OK, sorry for the superfluous advice then. I have only had a cursory glance at your discussion.
Marx burrowed the idea of history from Hegel.
For Marx history is the process of social changes. When that process of changes reaches it's end, you have Marx's end of history. For Marx that's a communist society in which all workers get equal pay and life happily ever after. Afterwards there are no social changes, therefore there's no history.
Marx makes a prediction that this communist society will come about. Things that move the world closer to that prediction are morally good for Marx.
I've seen several compelling arguments along similar lines.
Compelling? Do you mean compelled to reject the premises or compelled to accept the conclusion?
Mostly, I was compelled to author the grandparent comment. So not very compelling.
That's not completely relevant, as "the meek shall inherit the earth" was a Christian claim.
I'd say that's like putting the blame for the battle of Normandy on democracy.
Very, very well put! (FYI, Eugine_Nier appears to be pro-democracy)
Uru uru uru... ur'f nyernql trggvat zber Znekvfg, abj gb nqq fbzr Ynpna sbe znkvzhz cbgrapl... qnza, Mvmrx unfa'g jevggra nalguvat nobhg ubj gb fcvxr crbcyr'f qvfphffvbaf jvgu Ynpnavna Serhqvfz! Tnu, guvf Serhqb-Znekvfz qnex fbeprel vf pbzcyvpngrq!
^ looks just right in rot13, too! Black Speech!
I can't tell whether you understood my point, or completely misunderstood it. I don't see where I was "thinking like a Marxist".
Not in this comment specifically - just a general thing about your view of economics' relation to social structures having similar focus (determinism etc) to the Marxist view. TimS has called you out on it recently, no?
But still, "moral fashion doesn't ever cause revolutions on its own" is a statement any Marxist would sign under. So in this regard you ironically proved closer to Marxism than the view you kinda-opposed as insufficiently strongly worded ("causal link about as evident as for crusades and Christianity"). See?
Ok, so you did misunderstand my intent.
My point, was mainly that the Crusades are not a good example of "religion causes people to do something evil".
Wait, why are the Crusades not a good example of religion causing people to do evil things?
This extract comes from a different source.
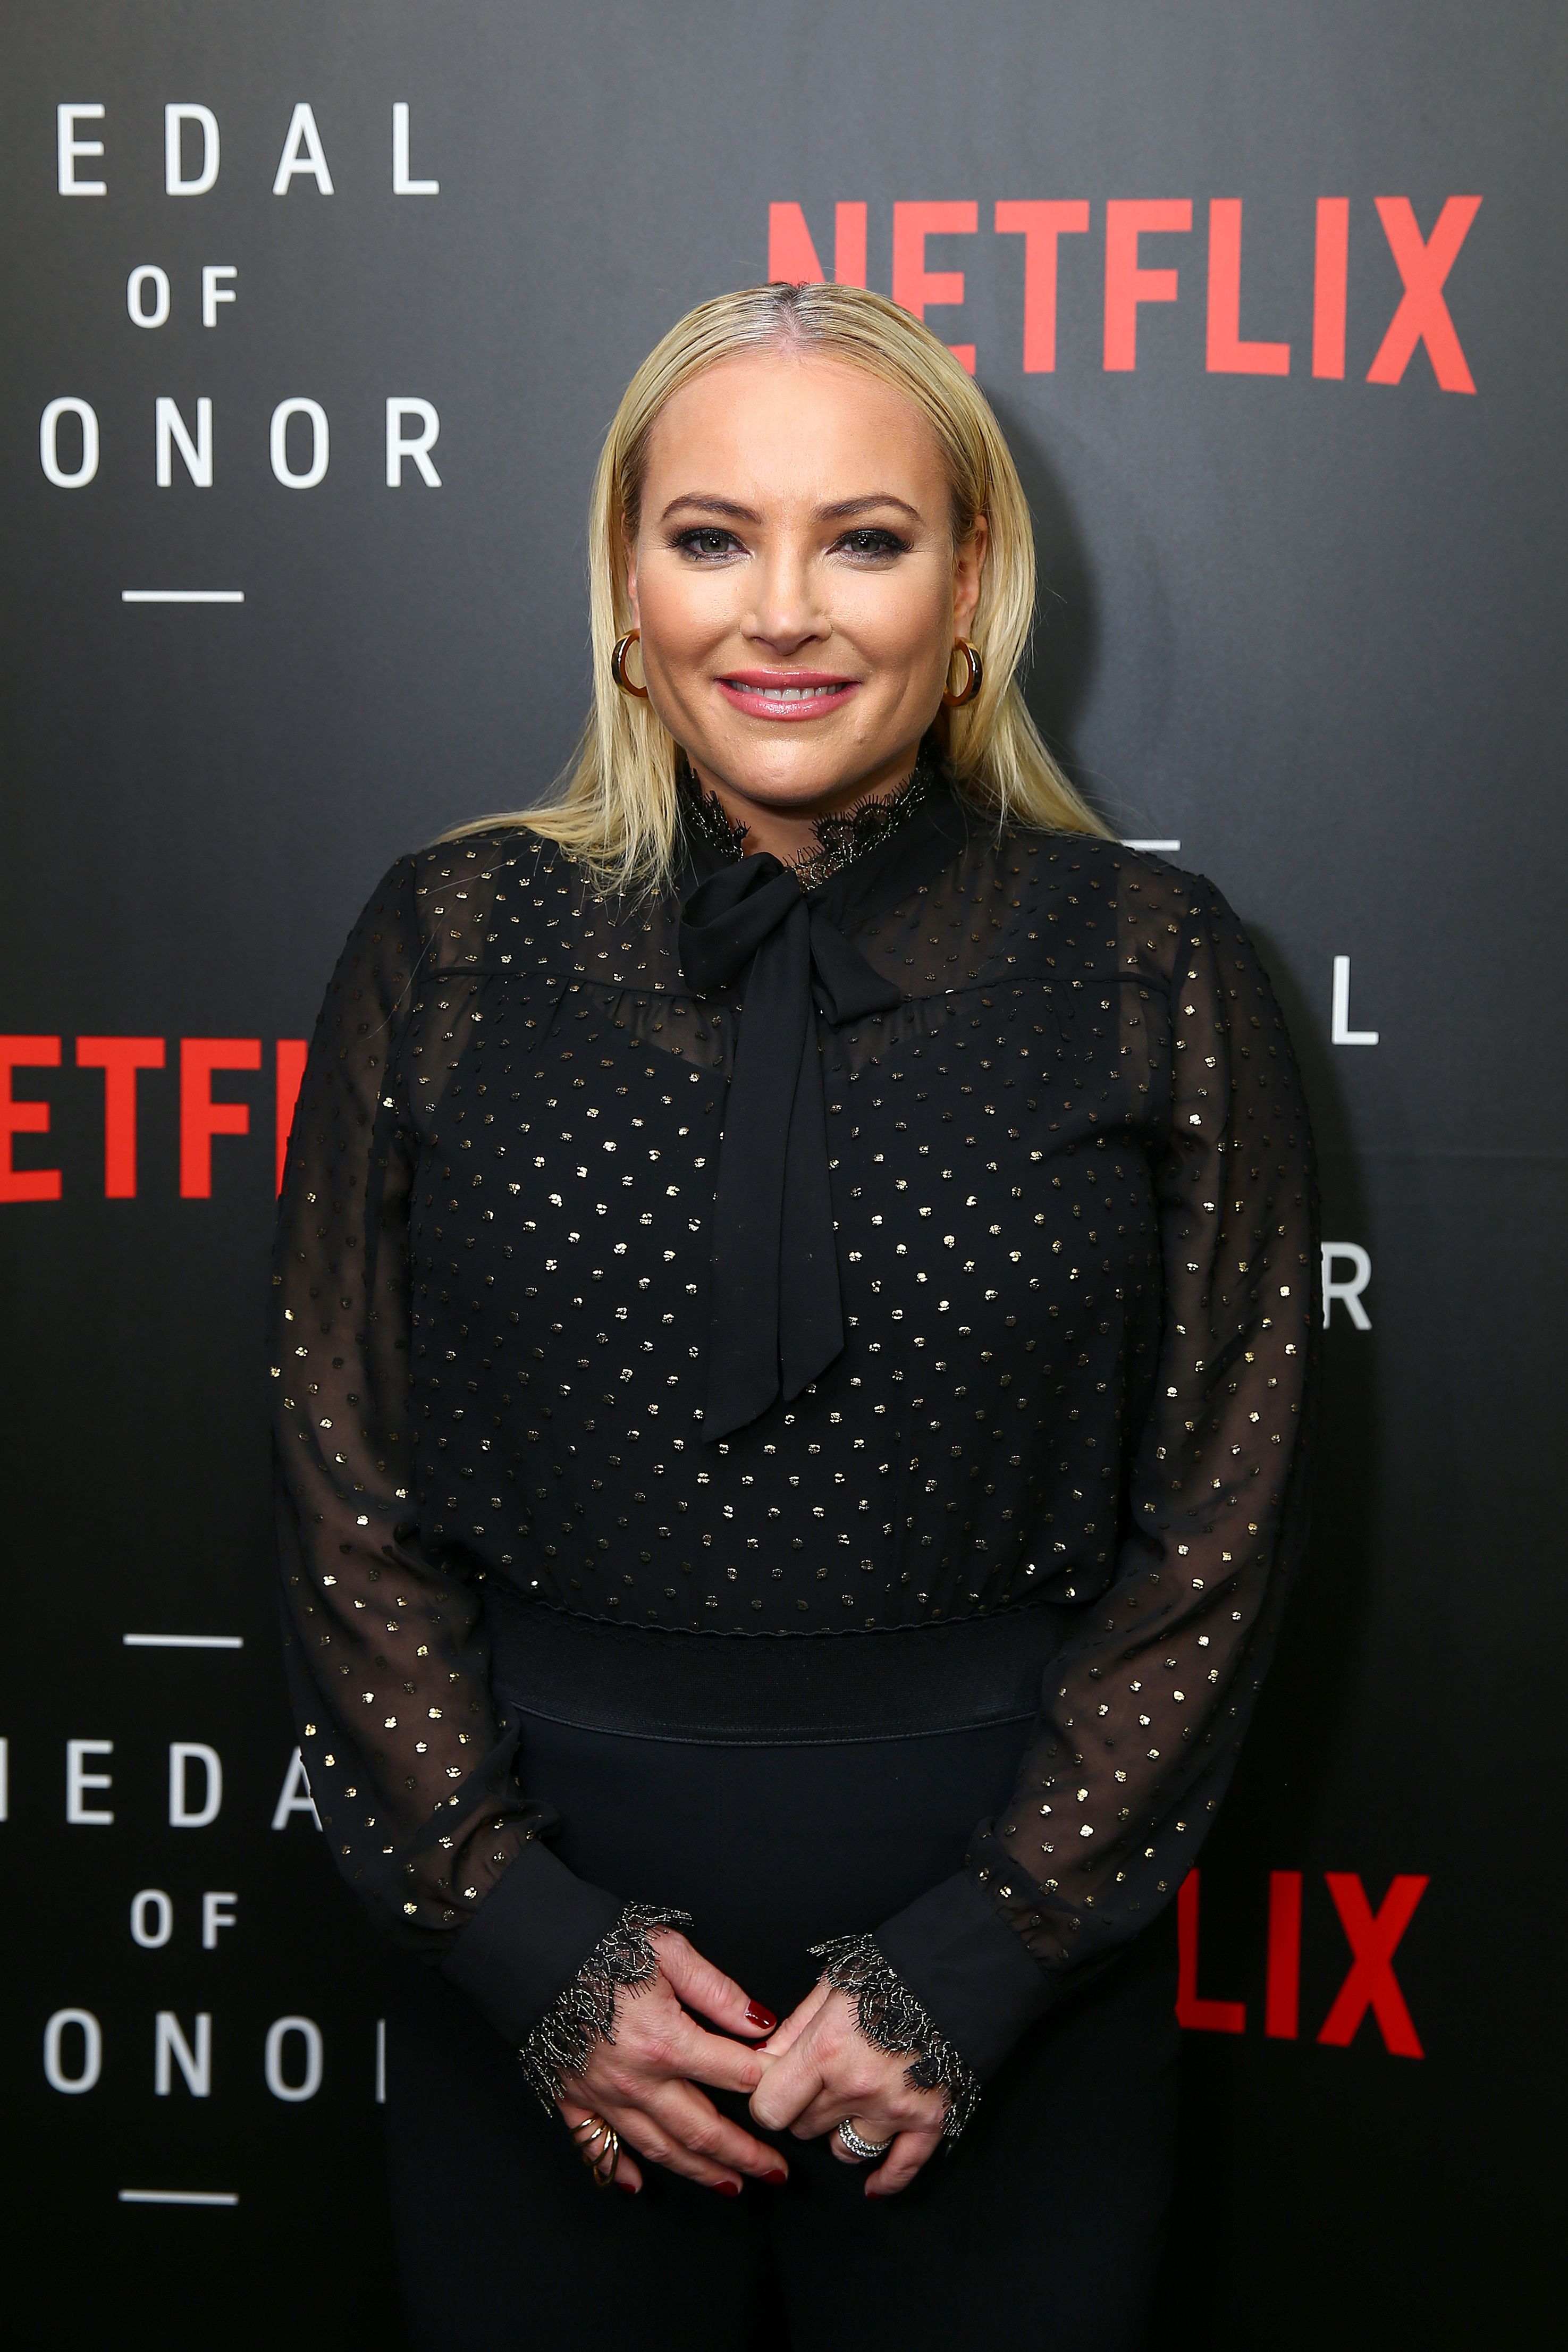 Meghan McCain at the Netflix 'Medal of Honor' screening and panel discussion at the US Navy Memorial Burke Theater on November 13, 2018 in Washington, DC. | Photo: Getty Images

Do you think they weren't evil, or that religion wasn't to blame?
That depends on what you mean by those terms. Was the battle of Normandy a good thing?
I'm confused. Yes, D-Day was a good thing. Yes, D-Day was violence in service of democracy.
What does this have to do with whether (1) the Crusades were a good thing, or (2) whether religion (particularly Catholicism) was a substantial cause of the Crusades?
That religion wasn't to blame. Read the grandparents, most notably this.
EDIT: Wait, no. I had that backwards.
TGGP defends economic determinism here.
Heh! Cool, thanks.
Did the (nominal) Christians who did violent and terrible things forget God too?
Aleksandr Solzhenitsyn doesn't speak about "why people do violent things?" in the quote but about why the Russian revolution happened.